Lancaster agrees with that concern from her own practice. "The question I ask is: does this person have enough stability to tolerate what might come up?" she says. Intensive meditation has a way of surfacing buried emotions and memories, which can be helpful if you have the right support, but it can overwhelm someone whose nervous system isn't ready for it.
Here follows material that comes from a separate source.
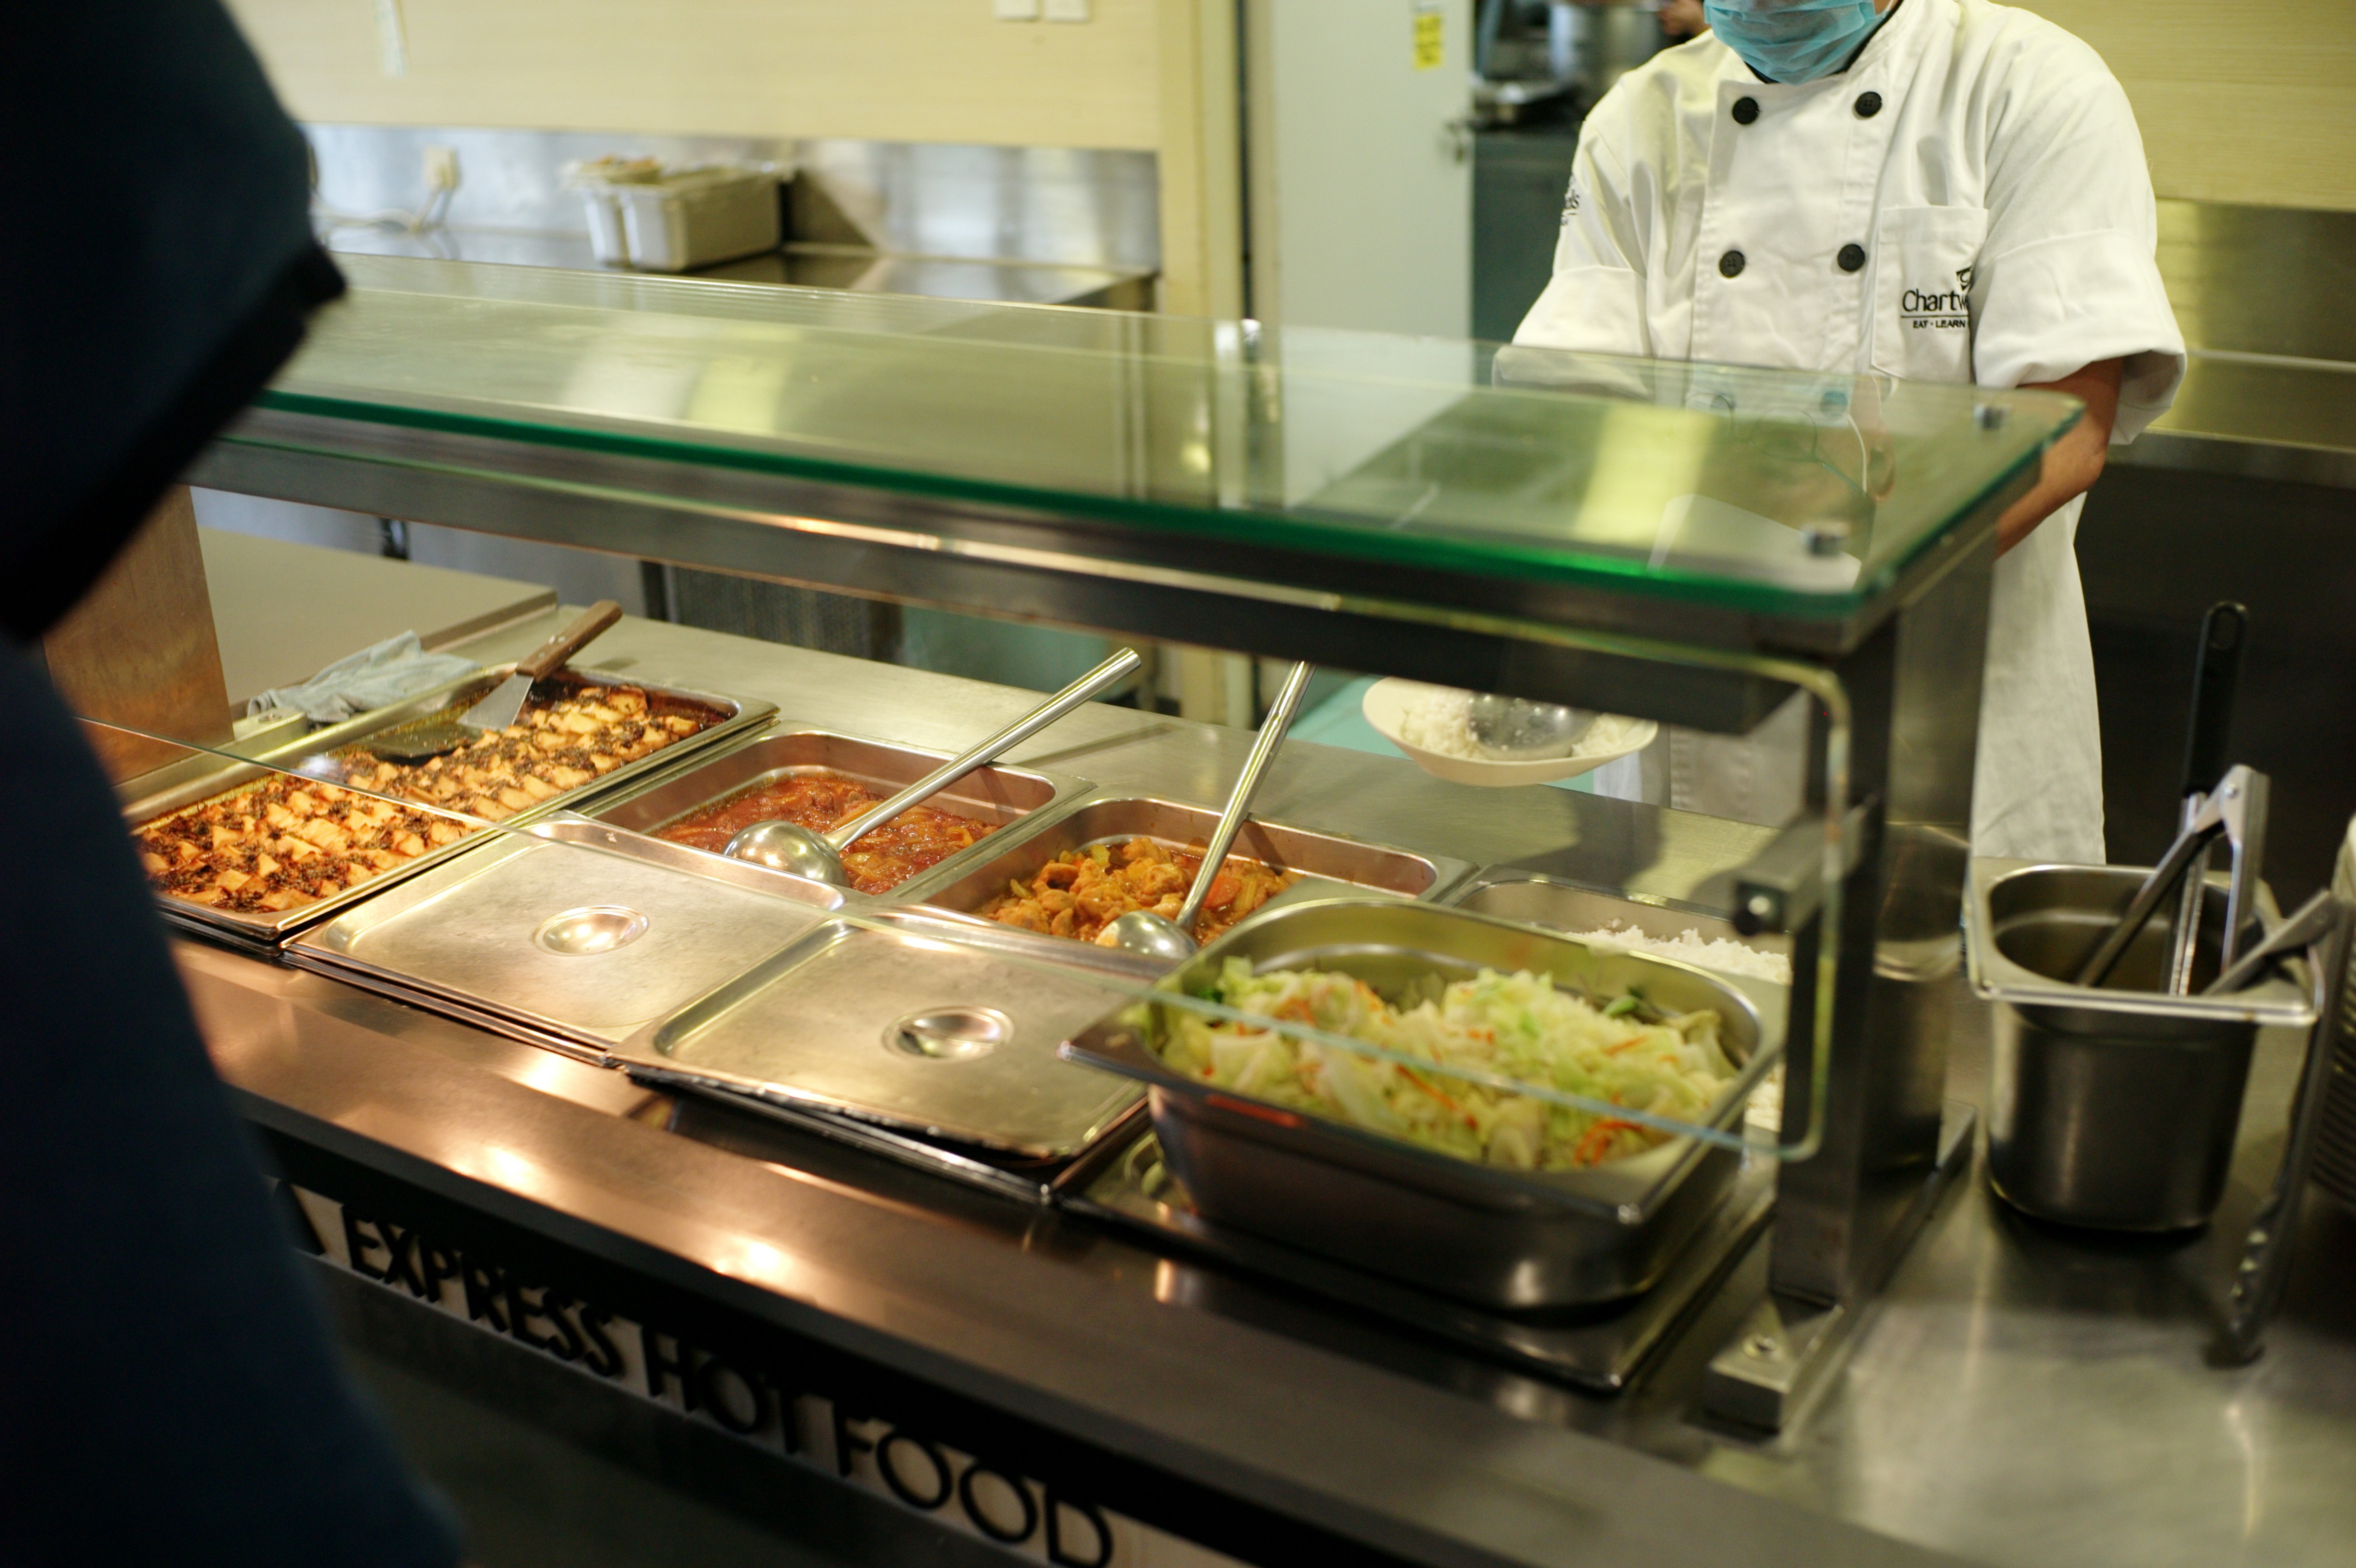 Some of the canteen options at South Island School

How to Start Meditating Without a Week-Long Retreat
Of course, we don't all have access to a seven-day retreat, but you probably don't need to, either. Salo recommends starting with about 10 minutes a day of simple breath-focused meditation.
"Focus on steady breathing, notice when attention drifts, and gently return without judgment," he says.
In the end, the best meditation routine is the one you'll actually do today, tomorrow, and the day after that, says Lancaster. According to Lancaster, most people start seeing the benefits, like better sleep or more emotional control, after about three or four weeks of consistency.
"A small practice you return to every day will reshape your nervous system in ways that an ambitious one you abandon in a week never will," she says.
Your Brain Doesn't Need a Trip
This study won't settle the debate over meditation vs. psychedelics, and it isn't trying to. What it does show is that some intensive meditation can make a big impact on your brain and body, and some of those changes look a lot like what psychedelics can do. For most men, practicing meditation every day, even for just 10 minutes, is a worthy investment. You don't need a retreat, prescription, or trip to change how your brain handles stress. You just need to show up and sit with it.